Another important consideration in the power line environment is noise and interference. Many electrical devices create large amounts of noise on the power line. The powerline networking system must be capable of tolerating the noise and interference present on home power lines. Some of the home power line interference is frequency selective. Frequency selective interference causes interference only at specific frequencies (i.e., only signals operating at specific frequencies are interfered with, all other signals experience no interference). However, in addition, some home power line interference is impulsive by nature. Although impulsive interference spans a broad range of frequencies, it occurs only in short time bursts. Some home power line interference is a hybrid of these two (frequency selective and impulsive). In addition to the different types of interference present on the home power lines, noise is neither uniform nor symmetrical across the power lines. For example, noise proximate a first device may cause the first device to be unable to receive data from a second, more distant device; however, the second device may be able to receive data from the first. The second device may be able to receive information from the first because the noise at the receiver of the second device is attenuated as much as is the desired signal in this case. However, because the noise at the receiver of the first device is not as attenuated as is the desired signal (because the noise source is much closer to the first device than the second), the first device will be unable to receive information from the second.

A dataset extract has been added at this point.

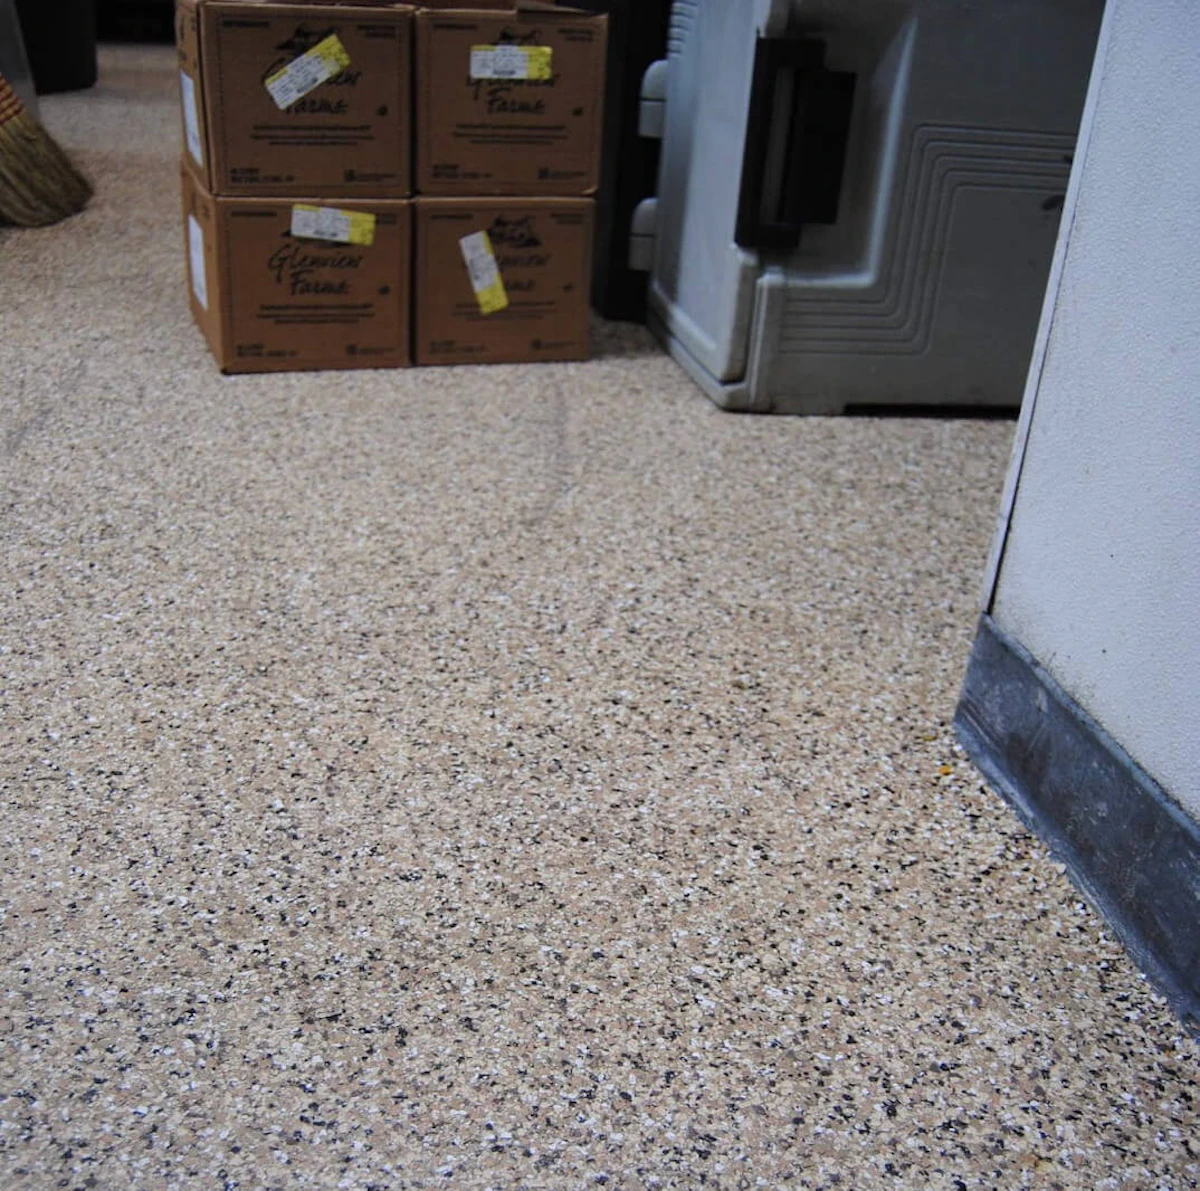 New Penntek floors in a facility.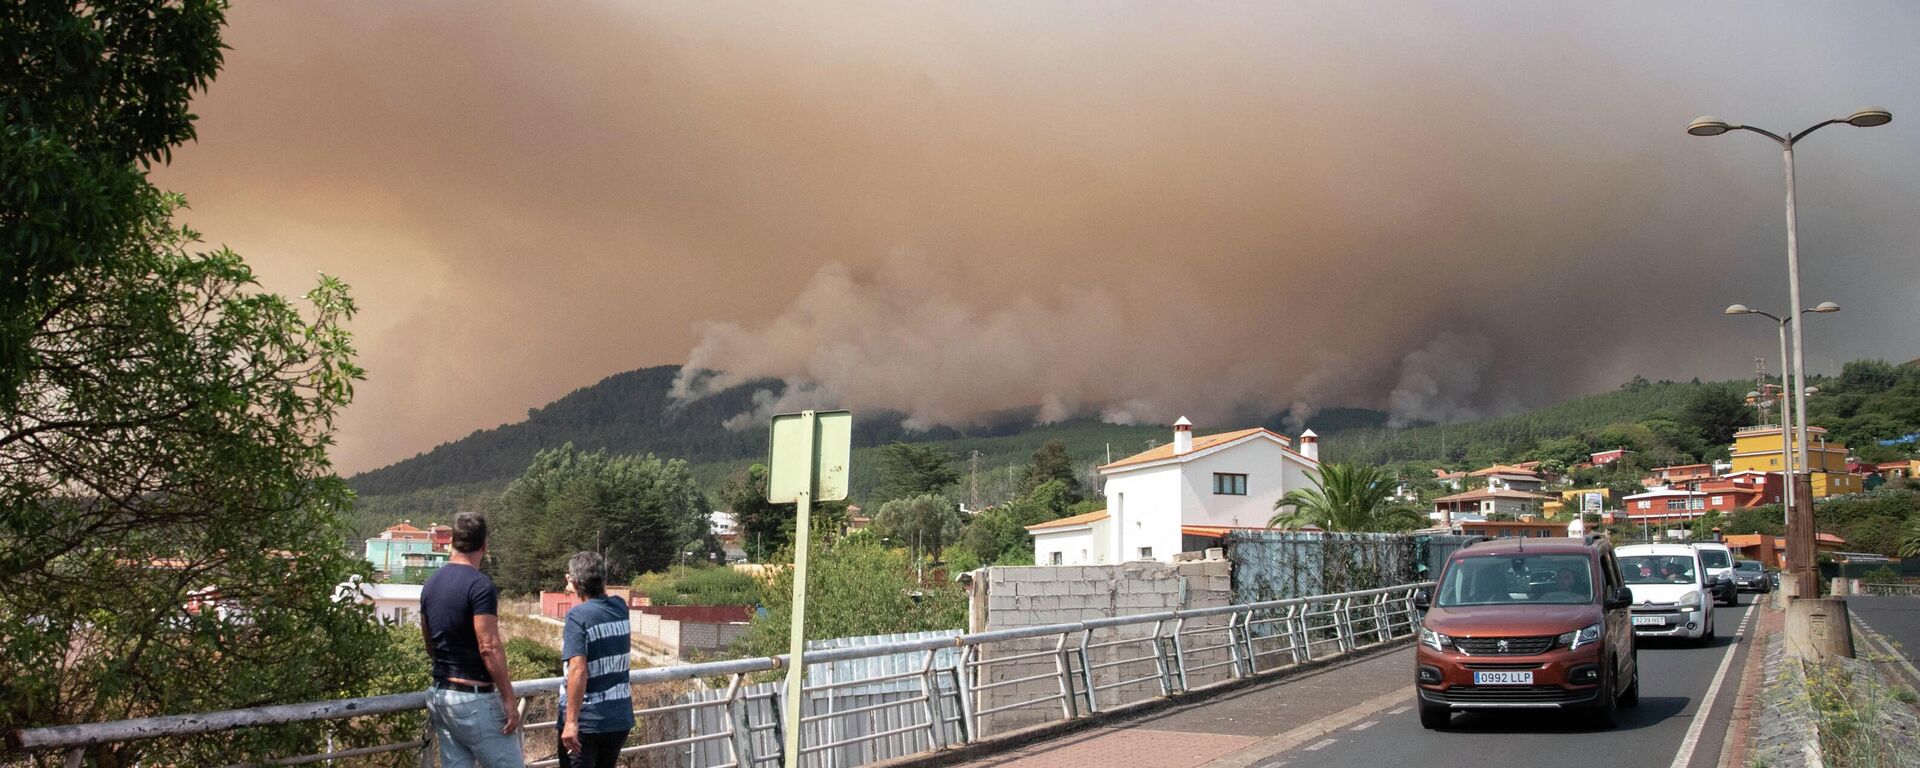 Dos personas en Nuestra Señora del Rosario, el 17 de agosto de 2023, observan enormes nubes de humo procedentes de un incendio forestal en Tenerife  - Sputnik Mundo, 1920, 18.08.2023

Another consideration unique to powerline networking systems is that home power line wiring typically does not stop at the exterior wall of a house. Circuit breaker panels and electric meters (typically located outside the home) pass frequencies used for home networking. In typical residential areas, a local power transformer is used to regulate voltage for a fairly small number of homes (typically between 5 and 10 homes). These homes all experience relatively small amounts of attenuation between each other. The signal frequencies of interest to powerline networking systems do not tend to pass through the transformer. Due to these electrical characteristics, signals generated in a first home network can often be received in a second home network, and vice versa. In addition, unlike internal dedicated Ethernet or other data networks, power lines are accessible from power outlets outside of the home. This raises obvious security concerns because users typically do not want to share information with unauthorized users including their neighbors.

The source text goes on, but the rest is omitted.